* _Dataset content_
____

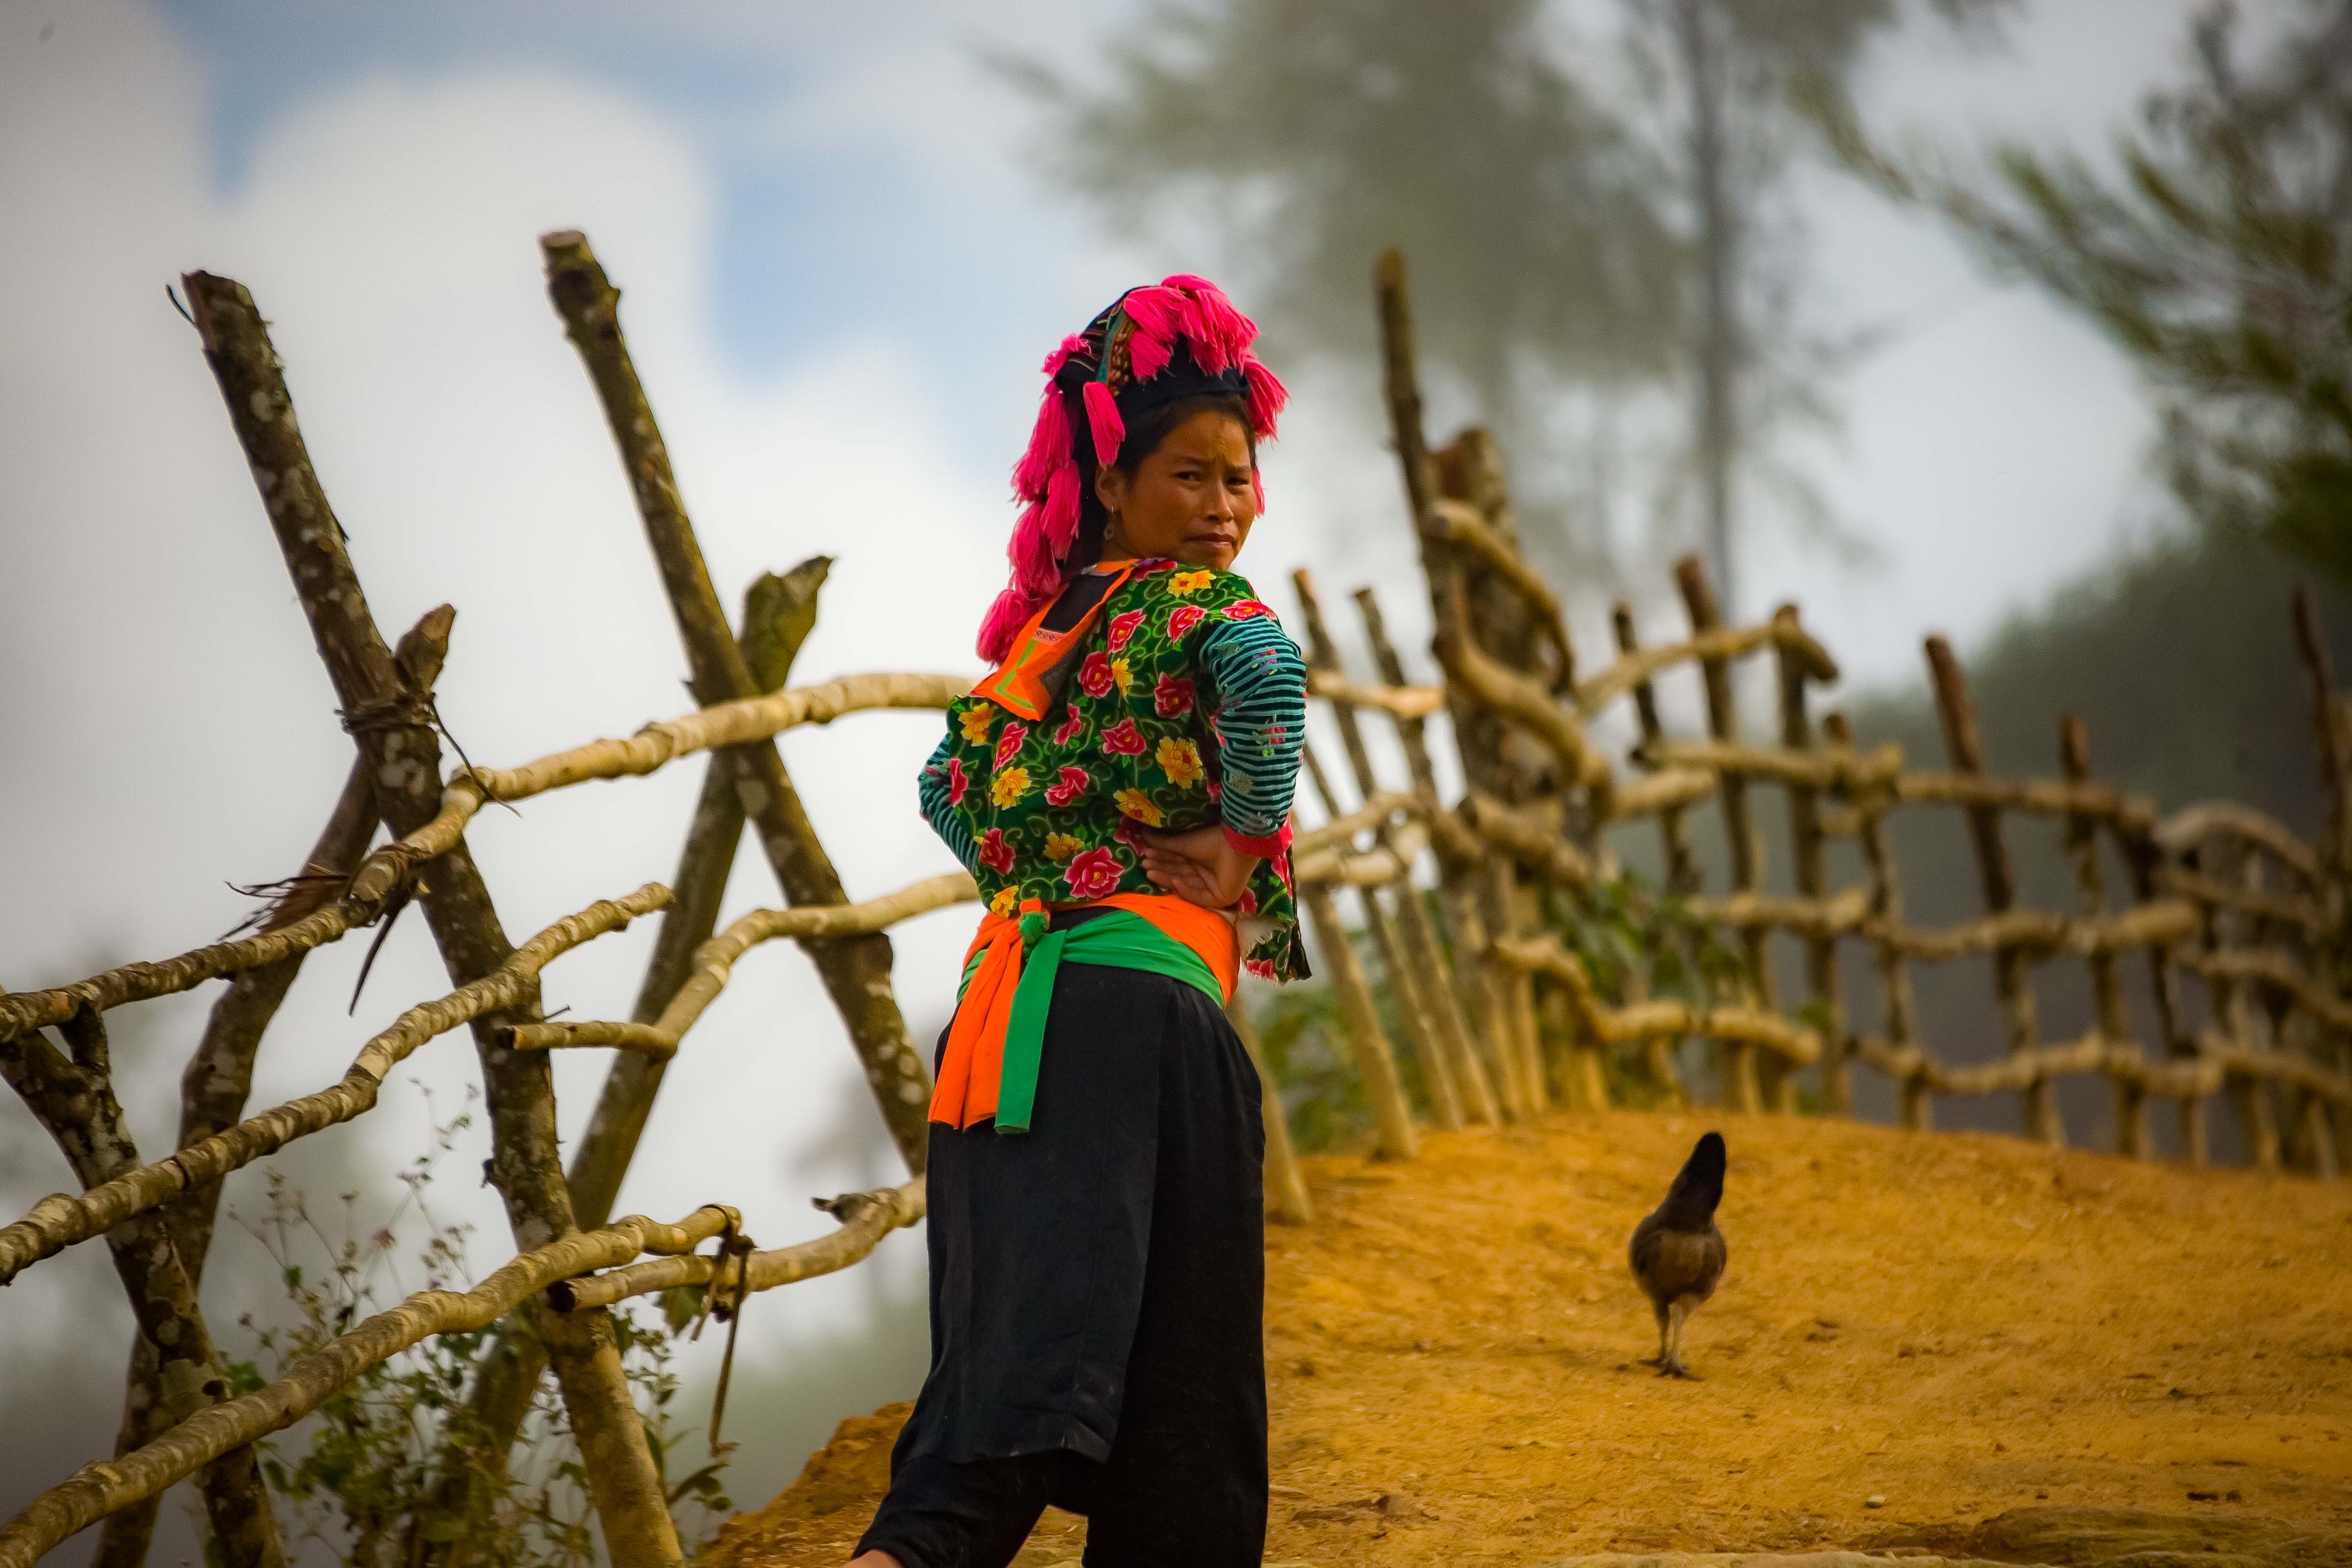 Vietnam, Son La Prov, Tribeswoman, 2008, IMG_8147
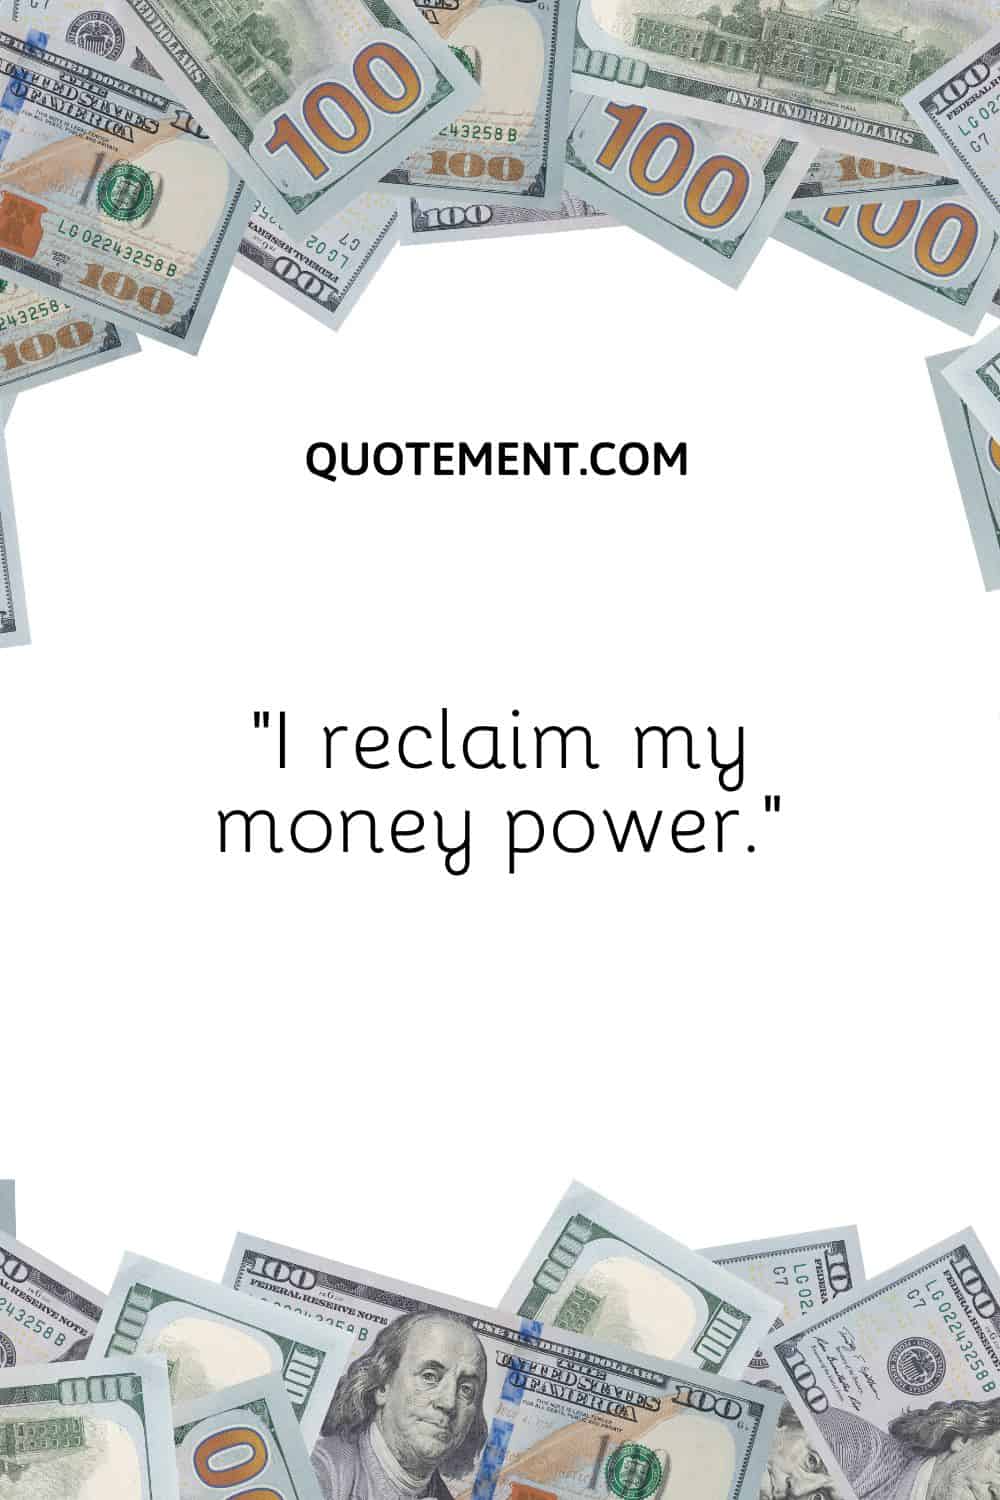 “I reclaim my money power.”
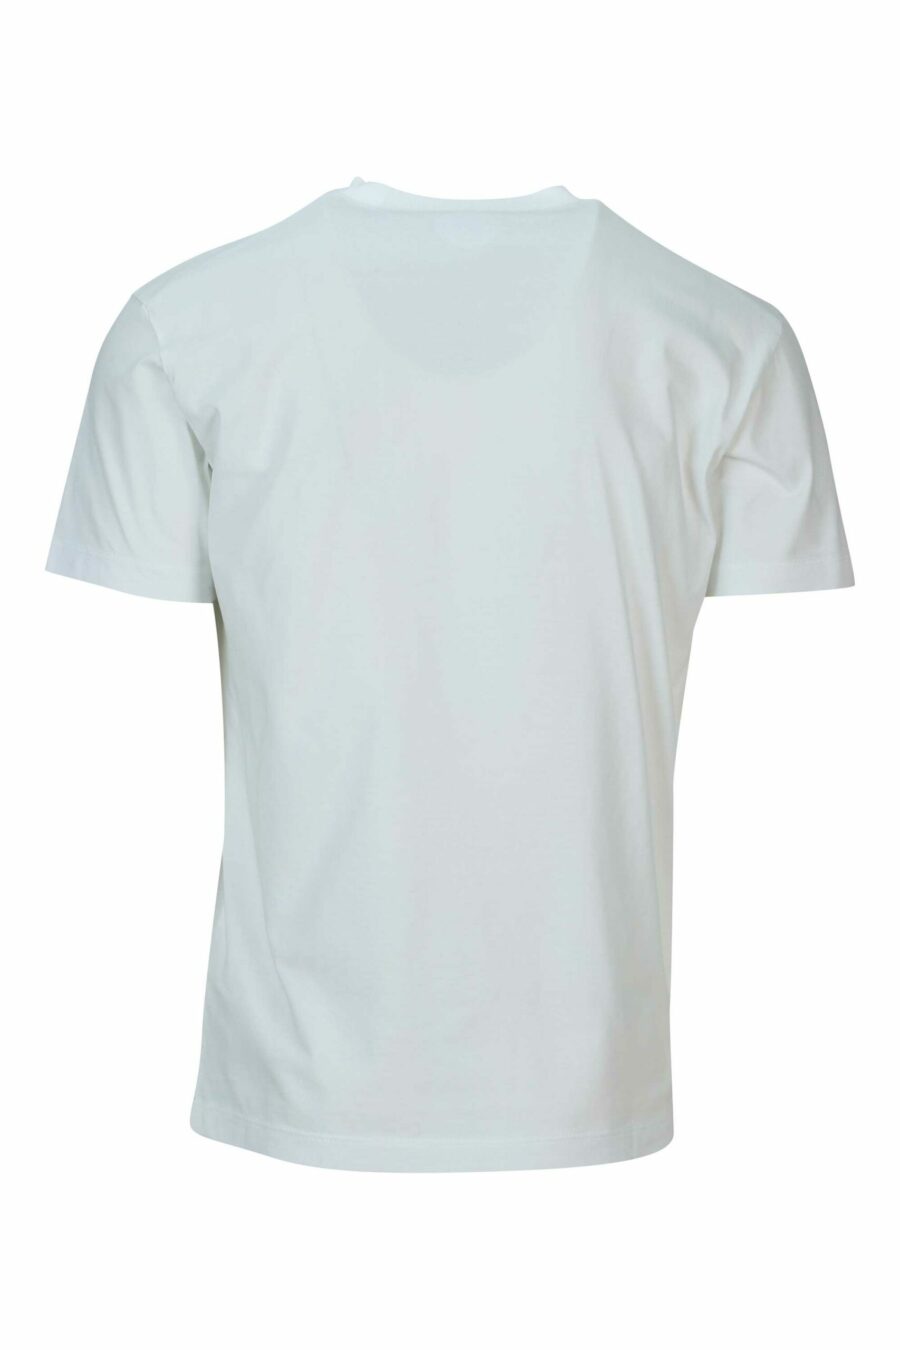 White T-shirt with maxilogo "top" - 8054148570866 1 scaled
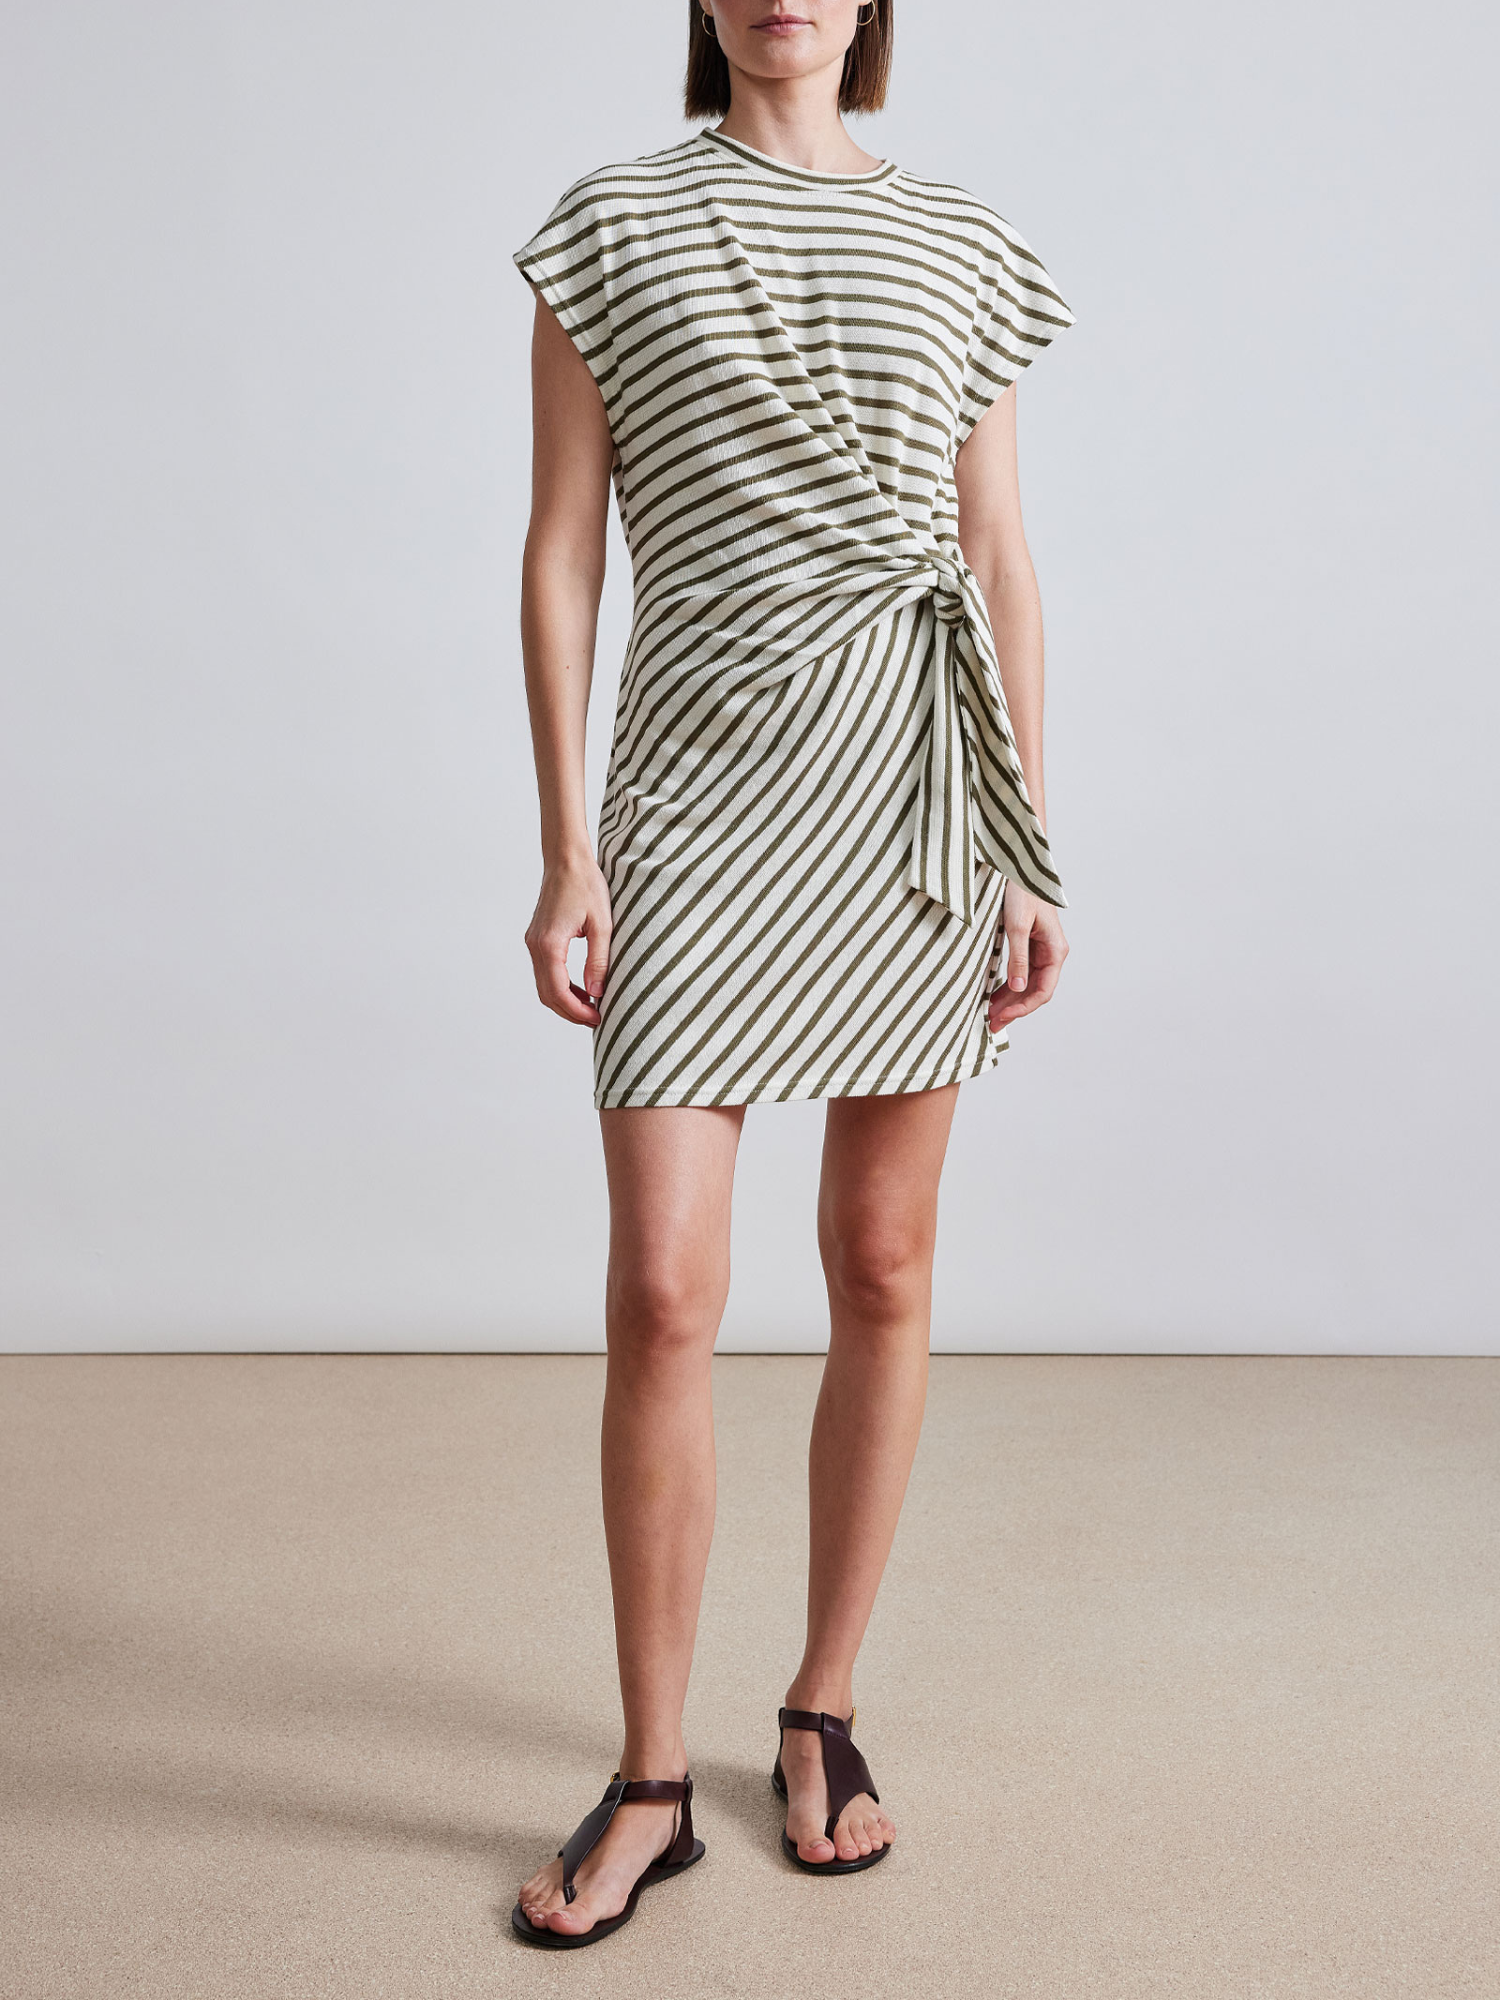 Apiece Apart Nina Cinched Mini Dress in Cream and Olive Stripe

____

* _Instructions to follow_
The lines from the one containing "reclaim my money" through the end of the data above are to be copied exactly, both ends included, and pictures are to be omitted.

* _Response to this task_
 “I reclaim my money power.”
 White T-shirt with maxilogo "top" - 8054148570866 1 scaled
 Apiece Apart Nina Cinched Mini Dress in Cream and Olive Stripe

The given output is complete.